Interview: John Polkinghorne
The 2002 Templeton Prize winner sees the Bible as "the laboratory notebook" of the Holy Spirit.

Rev. Dr. John Polkinghorne worked for years as a theoretical elementary particle physicist and then a mathematical physics professor at Cambridge University before resigning to train for ministry in the Church of England. Earlier this year, he was awarded the 2002 Templeton Prize for progress in religion. He is the author of The Faith of the Physicist (1994), Belief in God in an Age of Science (1999), and Faith, Science and Understanding (2000).

At what point did science emerge as a passion in your life?

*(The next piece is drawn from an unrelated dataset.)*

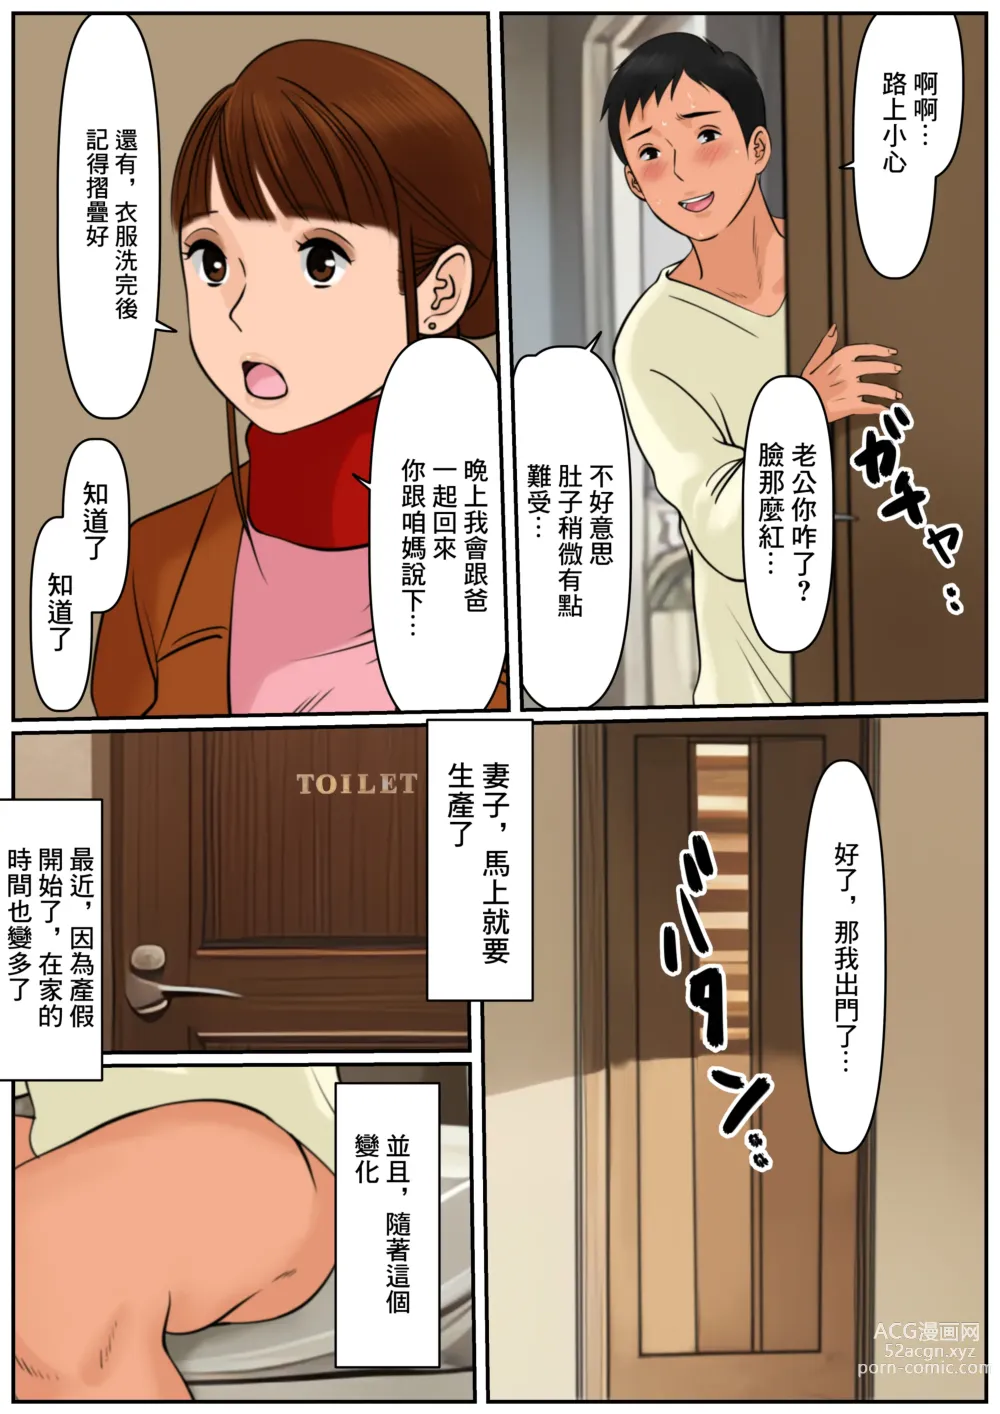 Page 10 of doujinshi 難道你是嫌棄我這個媽媽嗎?

I went to Cambridge to study mathematics, and during my undergraduate time I got interested in the fact that you could use mathematics to understand the physical world. And so when I came to do a Ph.D., I did it in theoretical physics. That led me onto my career in that area. I enjoyed doing all that very much, but after 25 years of it I felt I had done my bit for science and I would try and do something else.

Was there ever a conflict for you between science and faith?

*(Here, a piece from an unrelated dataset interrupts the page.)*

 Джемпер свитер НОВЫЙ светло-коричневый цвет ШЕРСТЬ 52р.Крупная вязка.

I've never felt an either/or situation that I had to choose either my science or my religious belief. Of course, there are puzzles about how the two relate to each other, and I tried to think about those during my science days. And, of course, I've thought a great deal more about them since then.

I try to hold the two together as far as I can myself. I want to be, so to speak two-eyed: looking through my science eye and my religious eye at the same time. I'm glad that I'm both a physicist and a priest and, though I'm puzzled by how those aspects of me fit together, I want to hold them in dialogue with each other.

Why should a scientist believe that theology has a place at the academic table?

I think all scientists are imbued with a thirst for understanding. They want to make sense of the world in which we live. Science helps us to a very significant extent to do that. But not every question that we want to ask is a scientific question and, therefore, not every question we want to ask will have a scientific answer.

For example, scientists are very struck with the beautiful order of the world—this universe that started as a ball of energy 15 billion years ago now is the home of saints and mathematicians. Science explains some of that process but it doesn't explain where the beautiful laws of nature come from.

How does it come about that this physical world that's made up of quarks and gluons and electrons is also the arena of moral choice? Religion explains that because just as it sees God's mind behind the scientifically discerned order of the world, it sees God's will and purpose behind our ethical intuitions. So it ties things together for me.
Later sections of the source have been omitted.